6.2 Core Players (distributions)
To make sense of hypothesis testing, it helps to picture four kinds of distributions. Later in the chapter we’ll put them together, but first we define them one at a time:
- Null Distribution - The hypothesized population distribution under the assumption that the null hypothesis \(H_0\) is true. 
- Estimated Population Distribution - The distribution we infer from our sample. This represents what the data suggest about \(H_a\). (Sometimes called the inferred parent distribution.) 
- True Population Distribution - The actual distribution from which our sample was drawn. We never know this perfectly, but it’s the reality we’re trying to approximate. 
- Sampling Distribution of the Sample Mean - The distribution we’d get if we took many samples and calculated \(\bar{X}\) each time. This is key for connecting sample evidence back to the population. 
Null value notation. We’ll write the hypothesized population mean as \(\mu_0\). Hypotheses compare the population mean \(\mu\) to this constant \(\mu_0\). The sample mean \(\bar{X}\) is never part of \(H_0\) or \(H_a\)—it’s the evidence we bring to test them.

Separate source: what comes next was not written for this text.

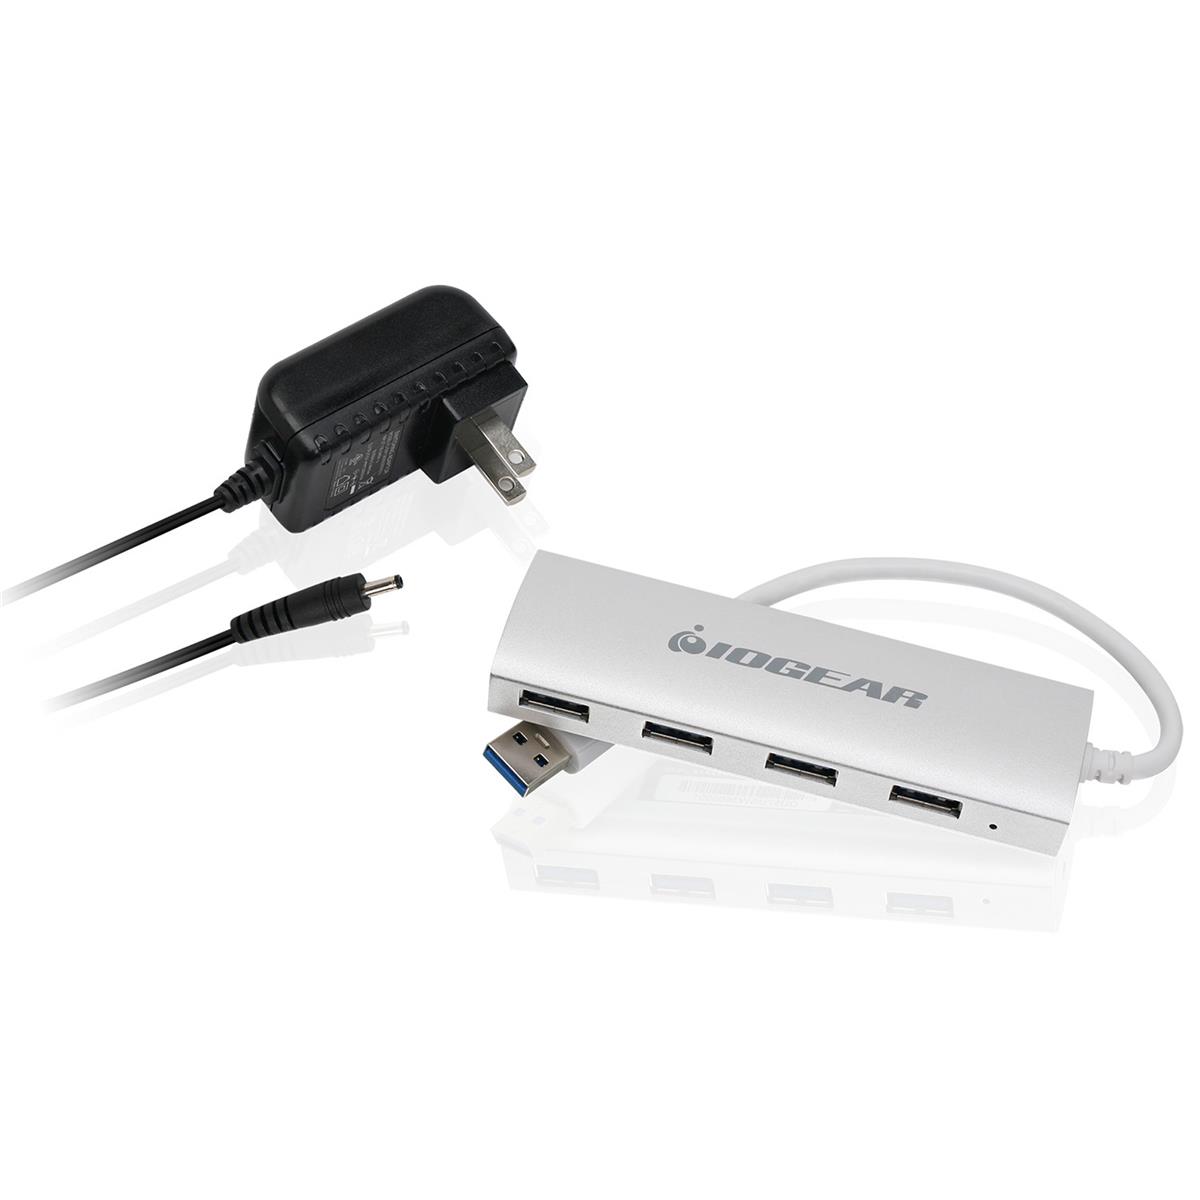 Image of IOGEAR GUH304P Aluminum USB 3.0 4-Port Hub with Power Supply

Note on terms. In this chapter, you’ll sometimes see the phrase parent distribution in the prose. This is just a metaphor: a sample is like a “child” drawn from a “parent” distribution. The standard statistical term is population distribution. Both terms mean the same thing here. For clarity, we’ll use population distribution in figures and definitions, and you can think of parent as a memory aid.
6.3 Terms for Decision Rules
When running a hypothesis test, three terms guide our decision:
Significance level (\(\alpha\)). Chosen before the test. \(\alpha\) is the long-run probability of a Type I error (rejecting a true \(H_0\)). A common choice is \(\alpha = 0.05\). Smaller \(\alpha\) makes tests more cautious and produces wider confidence intervals.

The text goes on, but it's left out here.